China bought a record 2,200 tonnes of gold last year. This is close to total global mine production for 2013. Many informed gold watchers feel this is a conservative figure, and the true figure will remain a mystery until China chooses to disclose it—likely in 2015. China is the world’s largest gold producer, and not only buys all of its own domestic production, but also buys through opaque sovereign wealth funds. In 2009 China announced its gold reserves at 1,054 tonnes. I would not be surprised to see that China owns over 5,000 tonnes by 2015.
If we add the purchases of the other Far Eastern, Middle Eastern and Central Asian countries like Russia, far more physical gold was purchased than was mined.
The movement away from the U.S. dollar is intensifying. China has signed as many as 25 trade agreements that circumvent the U.S. dollar, and settle trade imbalances with the participants’ own currencies. This will continue to place downward pressure on demand for U.S. dollars. If the dollar loses its reserve currency status, America’s ability to print unlimited amounts of dollars without consequences will be over.

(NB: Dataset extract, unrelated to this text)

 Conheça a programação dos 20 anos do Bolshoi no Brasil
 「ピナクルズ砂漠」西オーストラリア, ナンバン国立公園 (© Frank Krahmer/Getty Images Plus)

Lifespan of Reserve Currencies
This chart shows the lifespan of the six reserve currencies that preceded the U.S. dollar; the average is 94 years. Gold’s lifespan as stable money is 3,000 years and counting. If we take the demise of the British pound as the world’s reserve currency in 1920 as our starting point, 2014 will mark the 94th year of the U.S. dollar’s lifespan. During this time it has lost 97% of its purchasing power. I firmly believe we are in the late stages of the U.S. dollar’s reign as world reserve currency.
Considering the strengthening fundamentals we witnessed for gold in 2013, despite its poor price performance, it appears that an opportunity similar to that of 1976 is a strong possibility.
Gold rose 450% from 1971 to 1974. It then retreated 43% over the next 18 months. Many investors lost confidence and sold their holdings vowing never to invest in gold again. At the bottom of the correction, the New York Times declared unequivocally, “the end of the gold bull.”
However, during the next four years gold climbed 750%. A similar percentage increase from today’s price would see gold trading above $10,000 an ounce.
While there may still be price declines, I feel today’s situation is similar to that of the 1970s, and that we have the second-greatest opportunity to buy gold since 2002.
Today many investors are tempted to sell their underperforming precious metal holdings and use the proceeds to purchase U.S. equities. But remember—the old Wall Street saying is “Buy low, sell high” NOT “Sell low, buy high.”
While no one knows with absolute certainty the exact timeframe for developing events, the most conservative route for portfolio protection is diversification with a 10% allocation to gold. Gold is the most negatively correlated asset to financial assets, and acts as portfolio insurance in a decline or a crisis.
This means physical gold bullion to which you hold clear title, bullion stored in allocated storage or in your own vault. It is critical that your bullion holdings have no counterparty risks, and are not proxies or derivatives like gold certificates, futures contracts, or ETFs.
Thank you, and all the best in 2014.